ACTIVITY: Everything in the records below except the images should be output exactly as written.

--- START ---

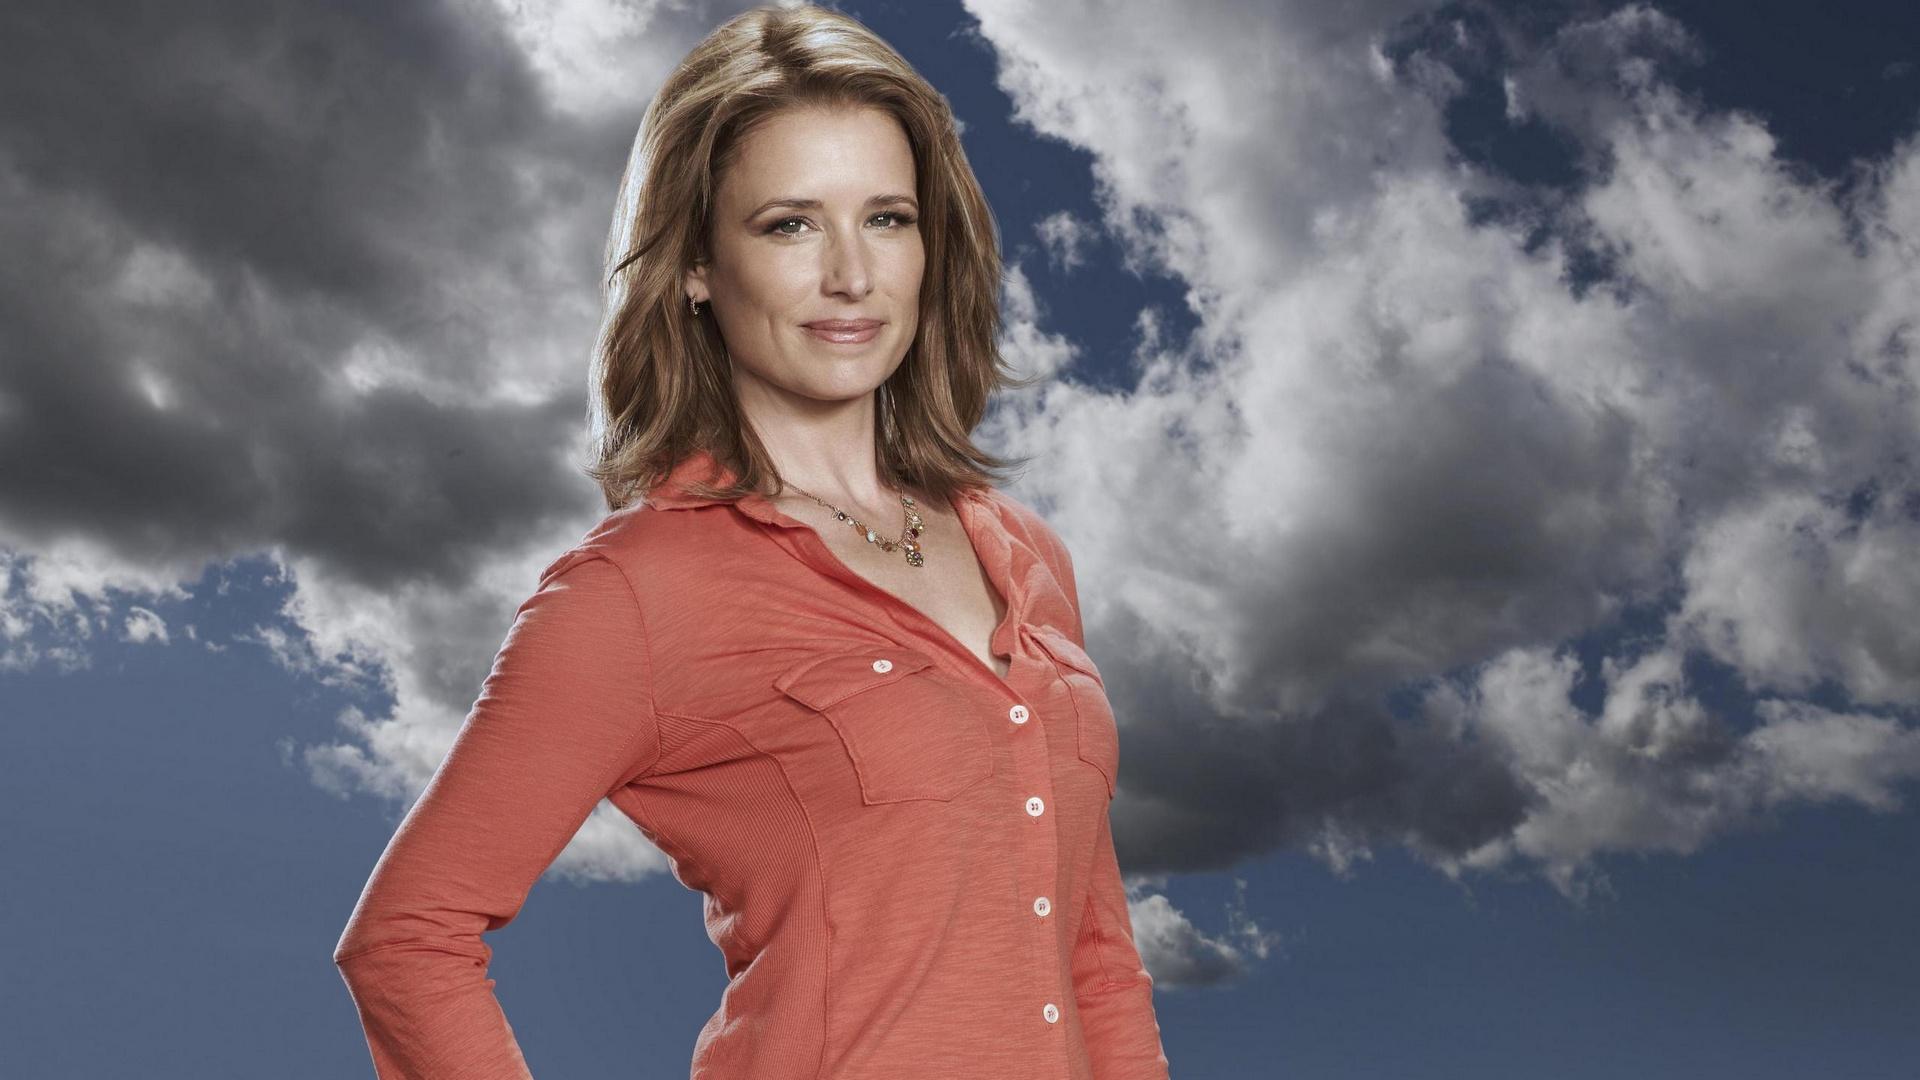 Wallpaper Anger Management TV show, Shawnee Smith, blonde, actress
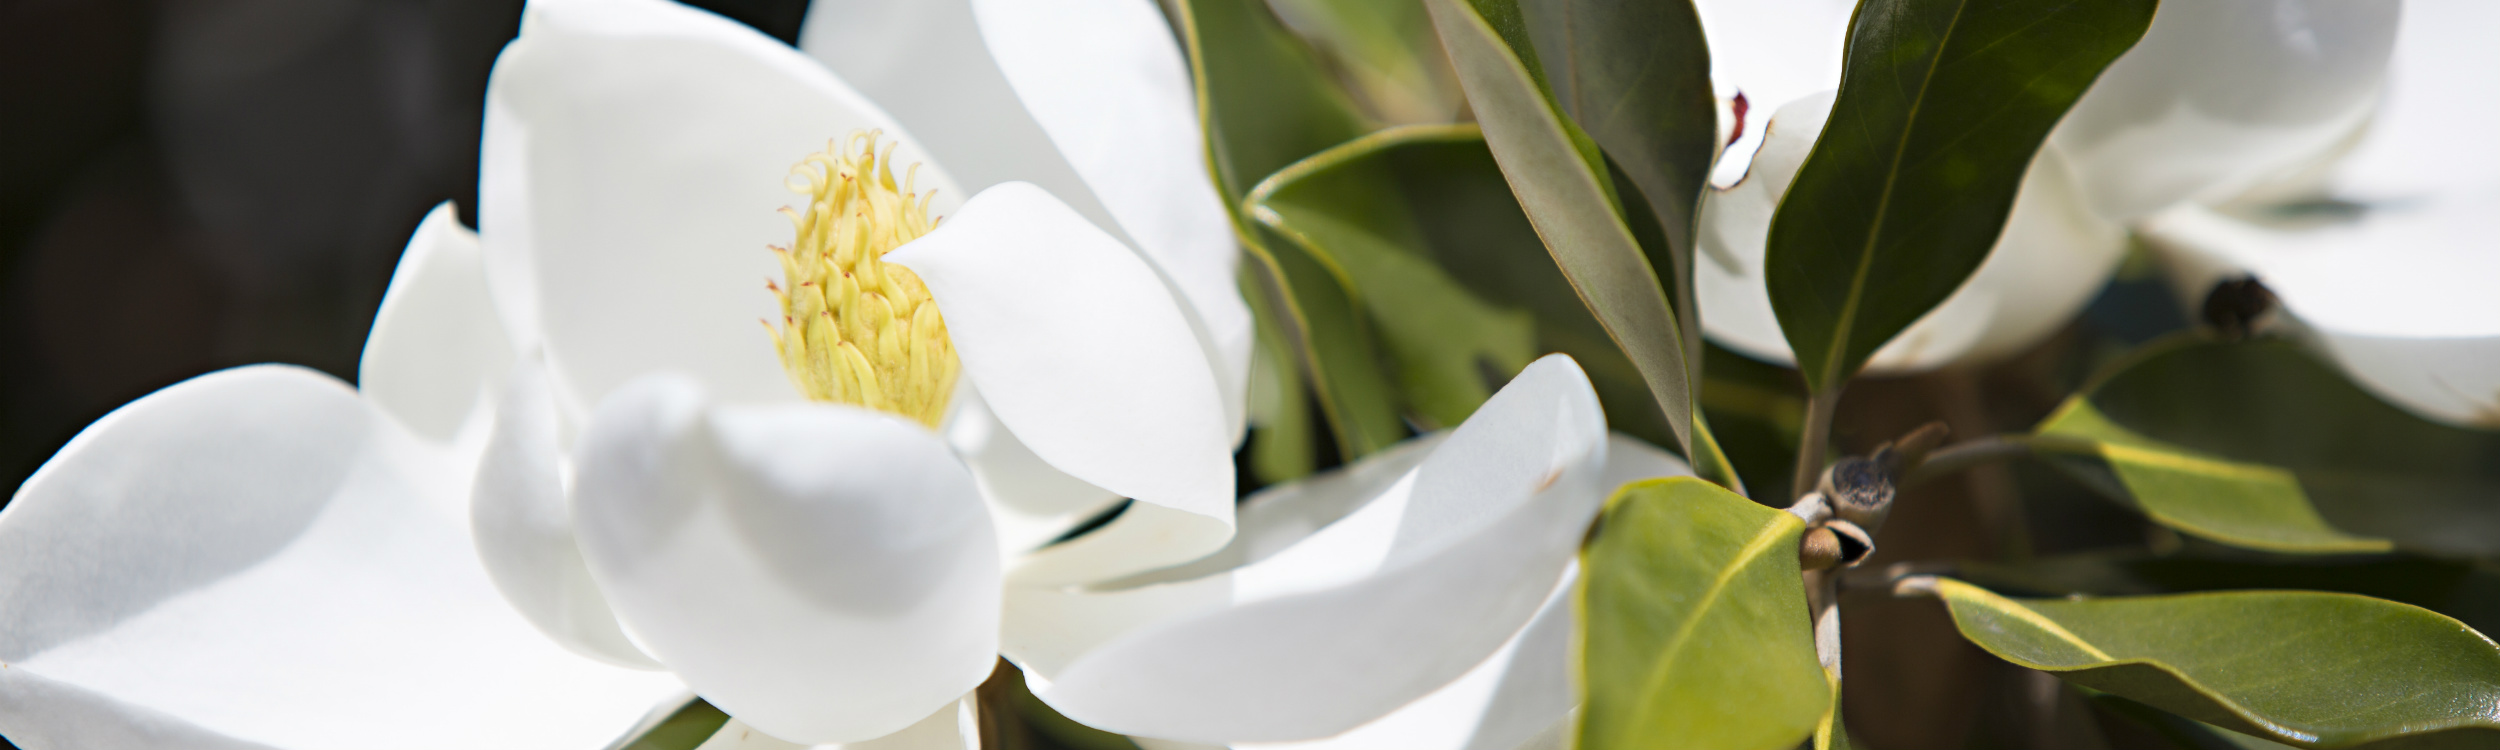 Arborwest_flower
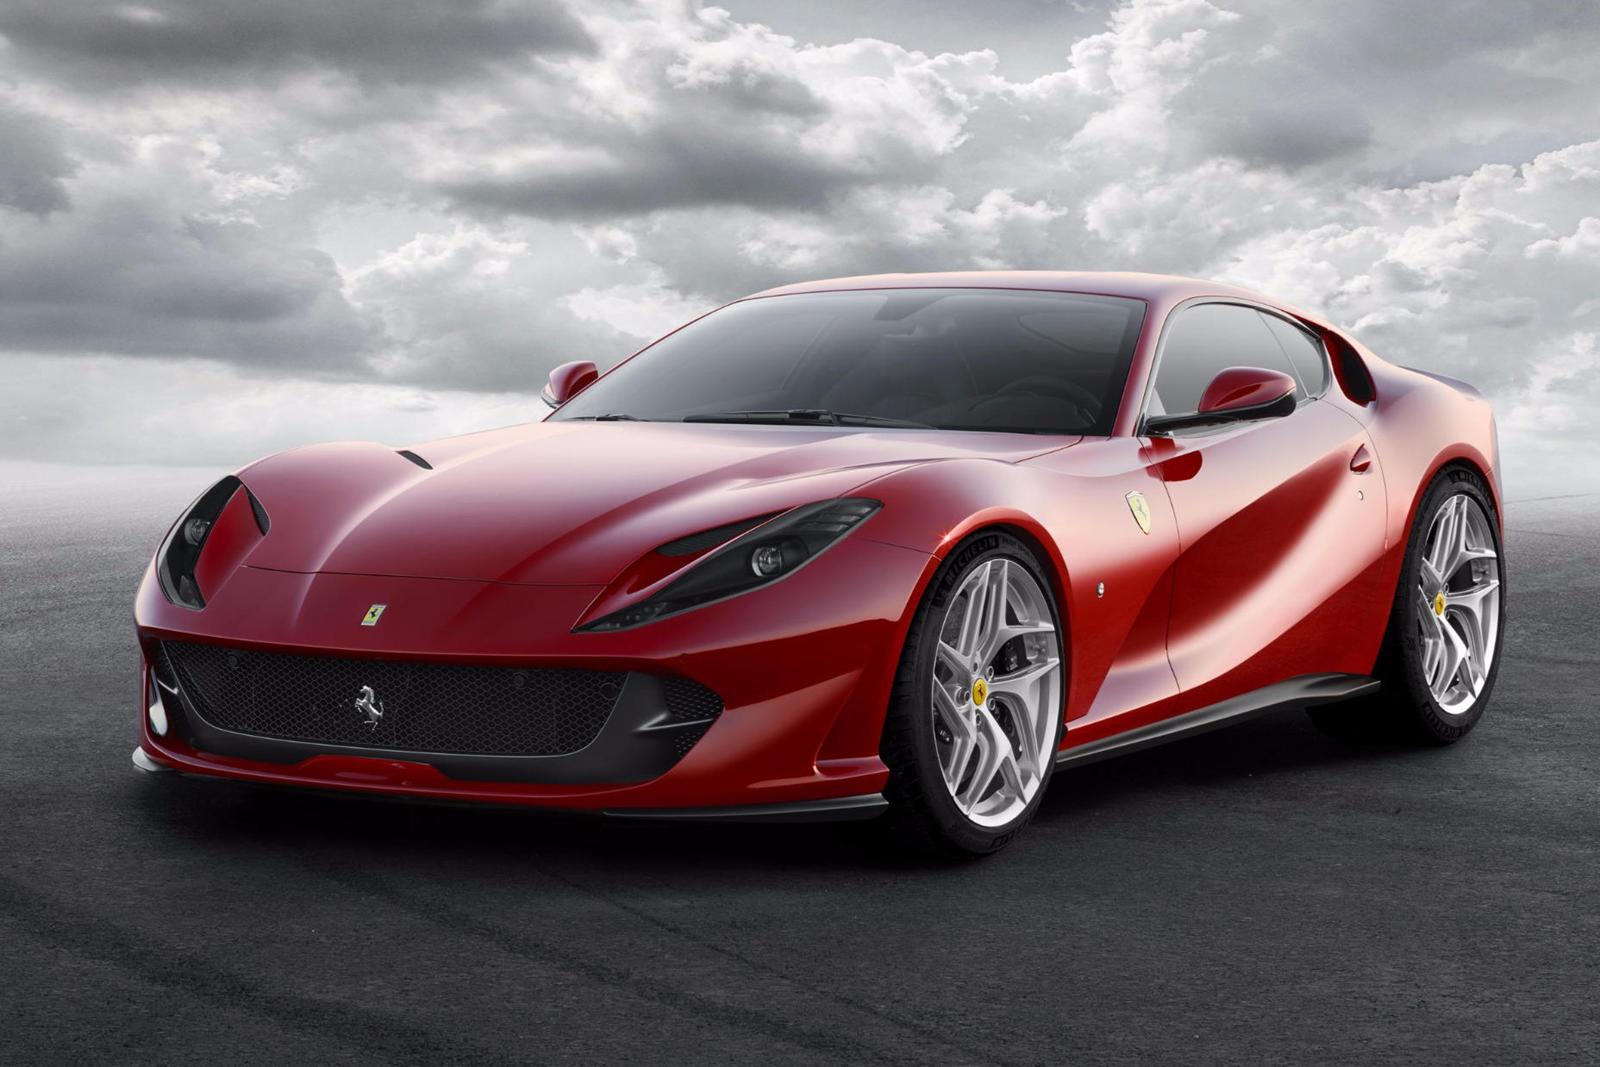 Ferrari 812 Superfast Review Trims Specs Price New Interior Features Exterior Design And Specifications Carbuzz
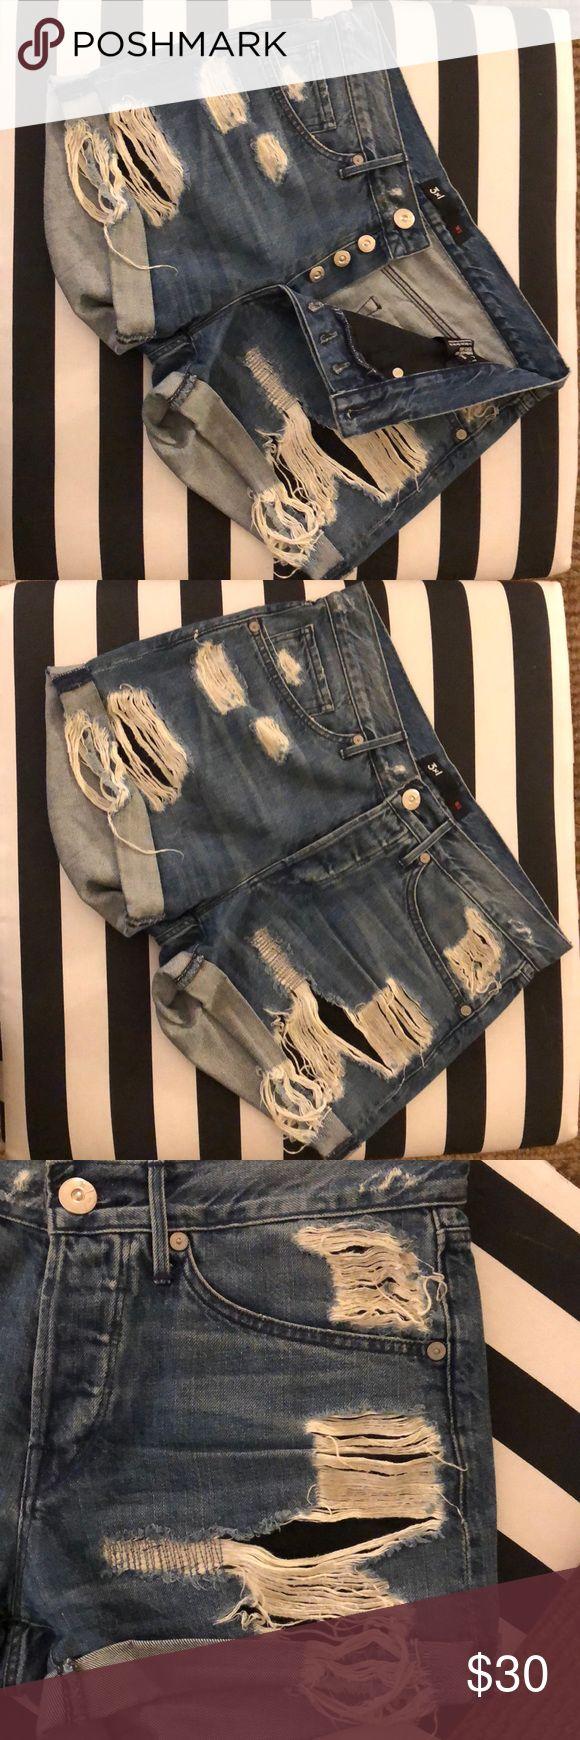 "3x1 denim cutoffs 3x1 denim distressed cutoffs. Black pocket lining to peek through holes on front. Cute comfy 100% Cotton. Button up closure. Staple for a wardrobe. 9 1/2"" rise and 3"" inseam 3x1 Shorts Jean Shorts"
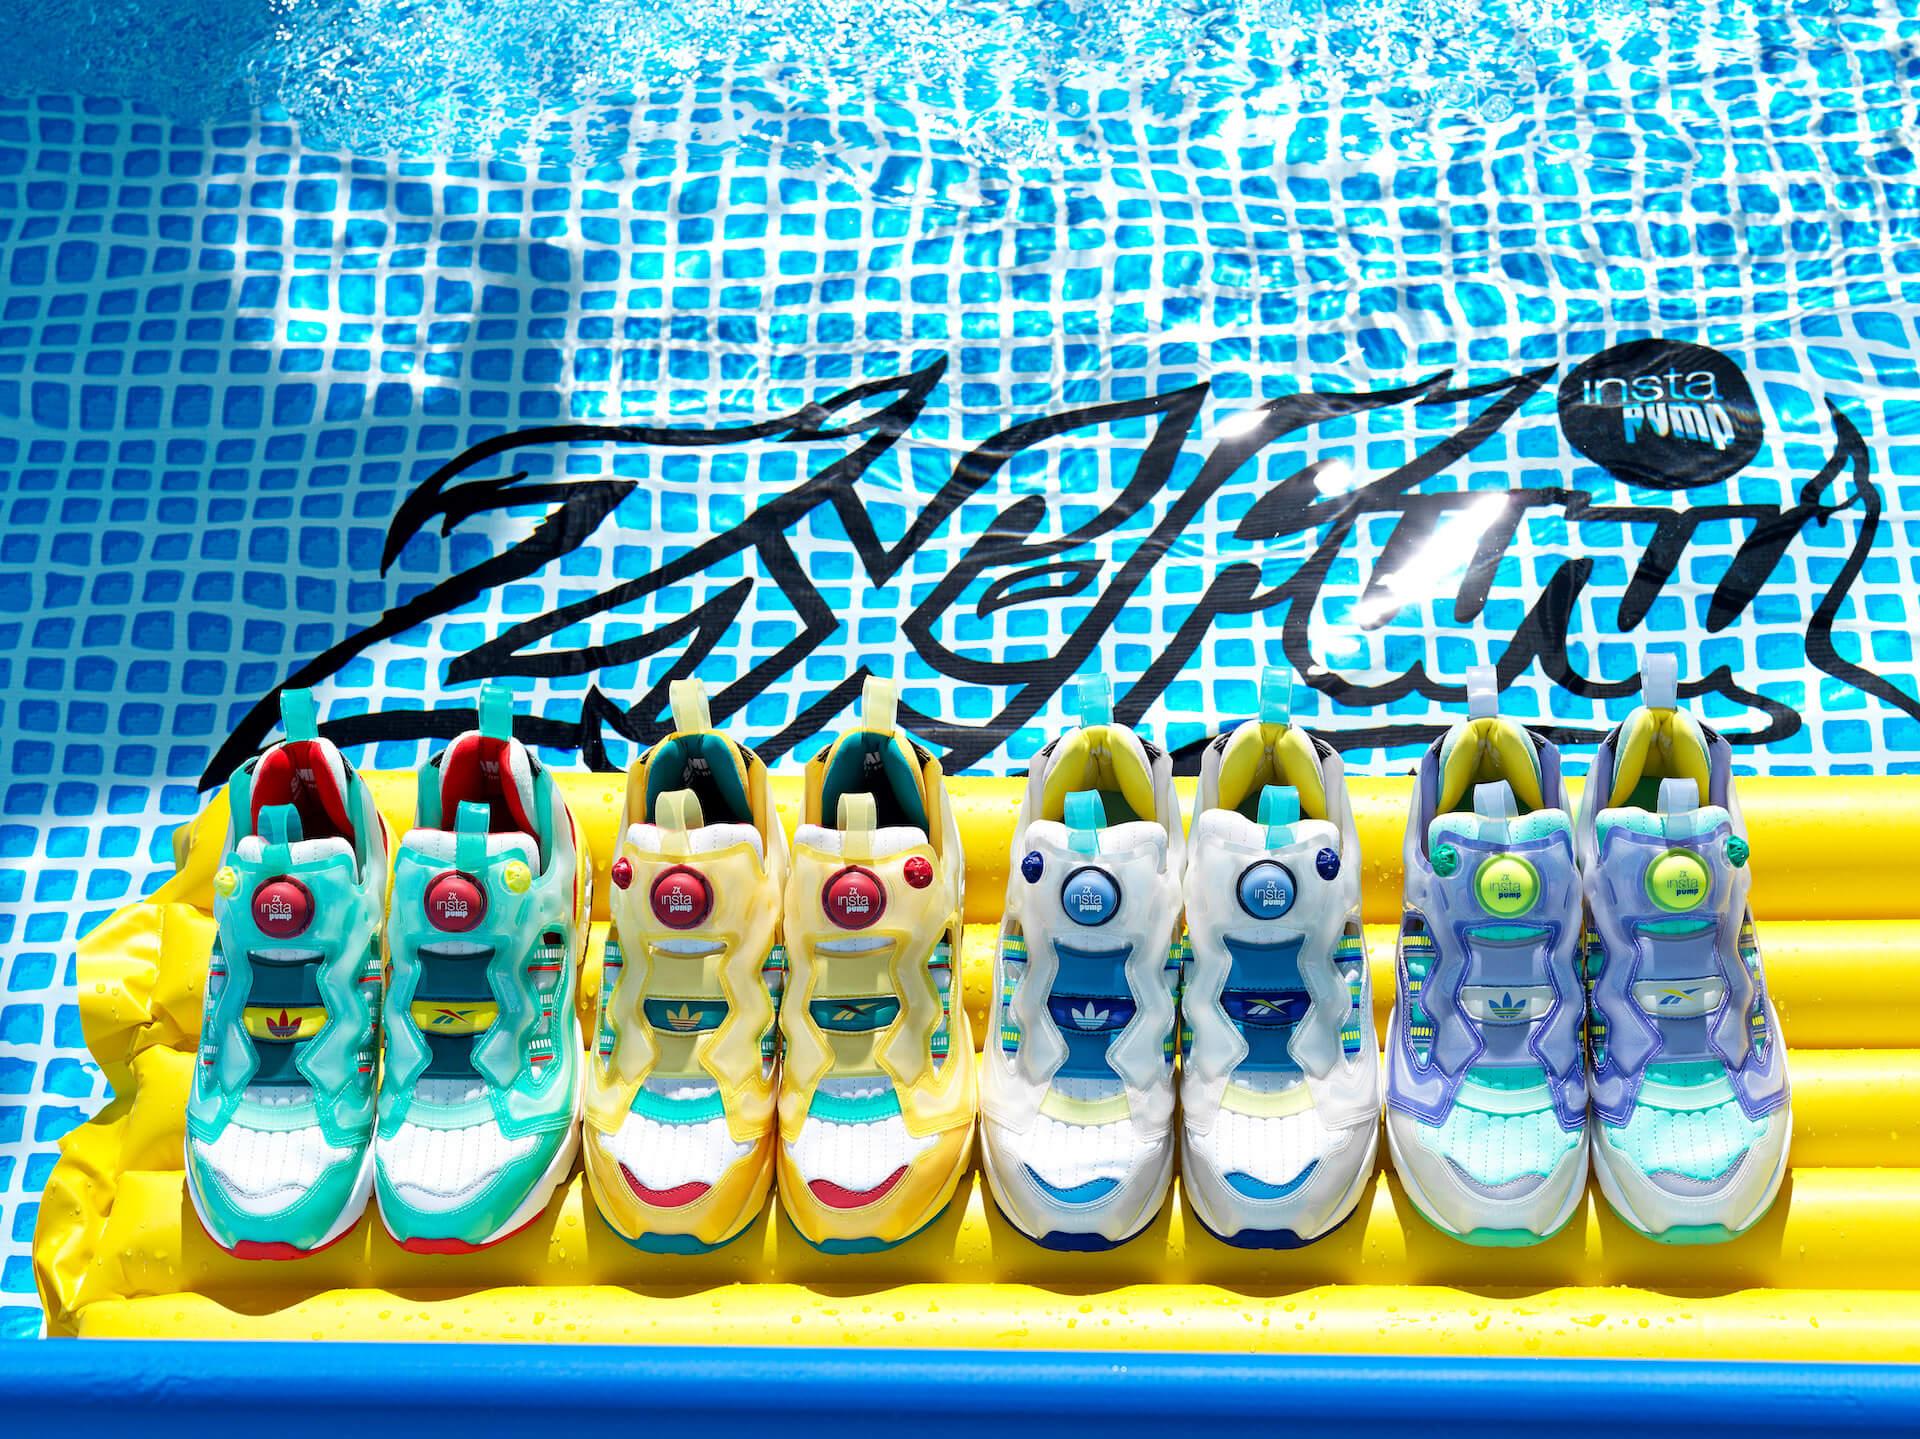 adidas OriginalsとReebokのコラボモデル「ZX FURY」に夏にぴったりの新色4色が登場! life210719_adidasoriginals_reebok_18

--- END ---

SOLUTION:
 Wallpaper Anger Management TV show, Shawnee Smith, blonde, actress
 Arborwest_flower
 Ferrari 812 Superfast Review Trims Specs Price New Interior Features Exterior Design And Specifications Carbuzz
 "3x1 denim cutoffs 3x1 denim distressed cutoffs. Black pocket lining to peek through holes on front. Cute comfy 100% Cotton. Button up closure. Staple for a wardrobe. 9 1/2"" rise and 3"" inseam 3x1 Shorts Jean Shorts"
 adidas OriginalsとReebokのコラボモデル「ZX FURY」に夏にぴったりの新色4色が登場! life210719_adidasoriginals_reebok_18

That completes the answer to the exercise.